Slashdot Mirror


Congress to Fight Piracy with Education Funds

Nomihn0 writes "The RIAA has announced that the House Education and Labor committee is considering an amendment, HR1689, to the Higher Education Act of 1965. The proposal would allocate federal education funds to anti-piracy measures on college campuses. Most concerning is the bill's wording. It's claimed that the proposal would 'save telecommunications bandwidth costs.' In other words, the government will fund private packet filtering and preferential bandwidth allocation. 'The Higher Education Act (HEA) generally allows schools to spend the money they receive only on certain prescribed areas such as financial aid grants and Pell loans.
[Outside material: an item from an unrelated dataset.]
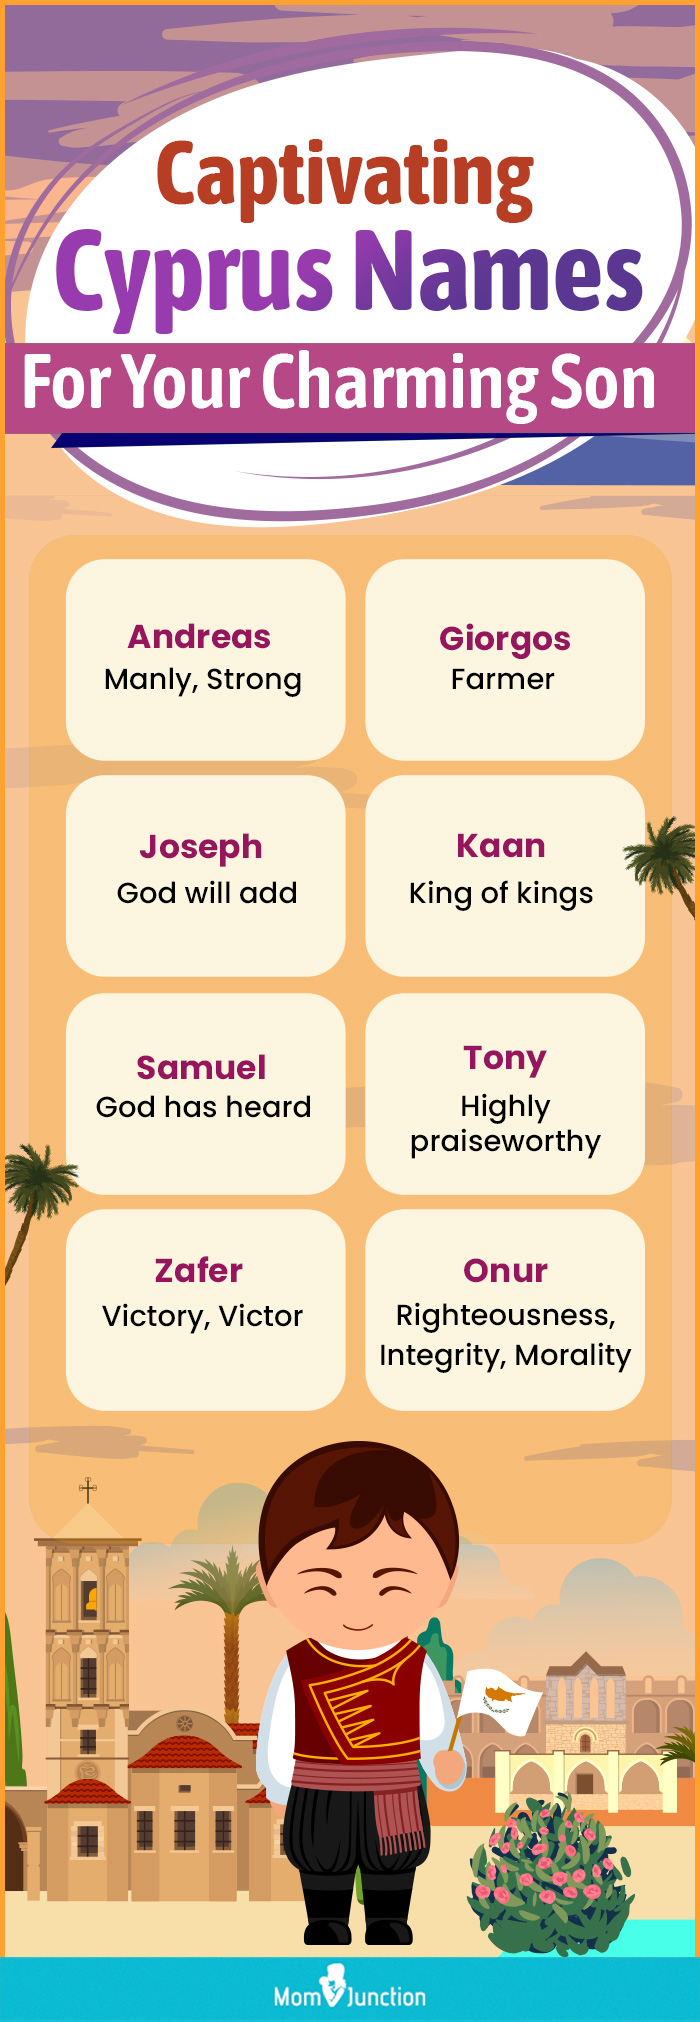 captivating cyprus names for your charming son (infographic)

The new bill would allow that money to be used for more things, but does not contain a request for additional funding. Whether schools would be interested in using a limited pool of federal money to police student file-swapping remains to be seen.'"

6 of 163 comments (clear)

  1. Why not by kassemi · · Score: 3, Interesting
    use this money to start classes covering how to fight back against multi-billion dollar corporations who instead of update their business legitimately, find a way to exploit, burden and profit from our legal system and government (be it through lobbying or mass no-name lawsuits).

    Heck, just start a class that teaches "musical awareness," where you learn more about bands who distribute their music without the aid of said corporations.

    --
    What the hell's a "gewie?"
  2. hmm by mastershake_phd · · Score: 4, Interesting

    Maybe they should take away your federal student loans if your caught downloading music, they do it if your caught with pot.

    1. Re:hmm by delirium+of+disorder · · Score: 4, Interesting

      Maybe they should take away your federal student loans if your caught downloading music, they do it if your caught with pot.

      Downloading music is perfectly legal. Perhaps you refer to downloading copyrighted music from RIAA signed bands? Why anyone would want to download music from major label musicians (much less buy that shit), is beyond me. I want to relate to an artists view of the world; I want to share their experiences and ideas through their music. Knowing that they signed to the RIAA disgusts me so much that I just can't listen to them anymore. They become corporate shills instead of real human beings.

      Why should you get kicked out of school for smoking pot? It's safer than alcohol and tobacco.

      --
      ------ Take away the right to say fuck and you take away the right to say fuck the government.
  3. Fascists by delirium+of+disorder · · Score: 4, Interesting

    When the state and the corporations work tirelessly together to control our lives, we live in a fascist society. Smart people are unable to go to college because of lack of funds, and congress wants to waist money earmarked for education doing the RIAA's bidding. If the filtering is implemented, no doubt it will block all sorts of legitimate p2p usage, create further surveillance of student usage, and be one further step in eliminating free speech on the Internet. I don't know how anyone can still buy major label music without a heavy burden of guilt weighing upon them, nor can I understand how anyone can continue to vote for the two corporate backed parties.

    --
    ------ Take away the right to say fuck and you take away the right to say fuck the government.
  4. There is a bigger problem by darjen · · Score: 3, Interesting

    I can definitely appreciate the many posts so far on this story that condem this blatant corporate/government abuse of our education system. However, it's too bad that many people don't see the root of this problem. This type of philandering has been the modus operandi of our government for years, in just about every industry. The government's interference in the technology and entertainment markets are just as heinous as paying farmers not to grow crops in order to keep prices up, or appropriating money from social security into their pet pork projects. I look forward to the day when peaceful citizens do not have their resources forcibly taken from them in order to fund completely irrelevant ventures that mostly profit the wealthy, moneyed interests of our country. Unfortunately, it is all too easy to mis-use money when it is not yours to begin with. Especially when it is almost never in line with the "public interest", whatever that means.

  5. Re:Simply limit bittorrent? by witwerg · · Score: 3, Interesting

    If bandwidth is the problem it is better to attack that problem if you can because in order to ID P2P you would need at least a Layer 7 flow analysis to be done which is high tech voodoo and relies on the traffic protocol not being encapsulated in an encrypted layer. I have seen schemes where long term and short term data transfer tallies were used on a group of MAC addresses registered to user to dynamically limit bandwidth. If done right most users are unaffected and abusers of shared bandwidth get a 56k connection.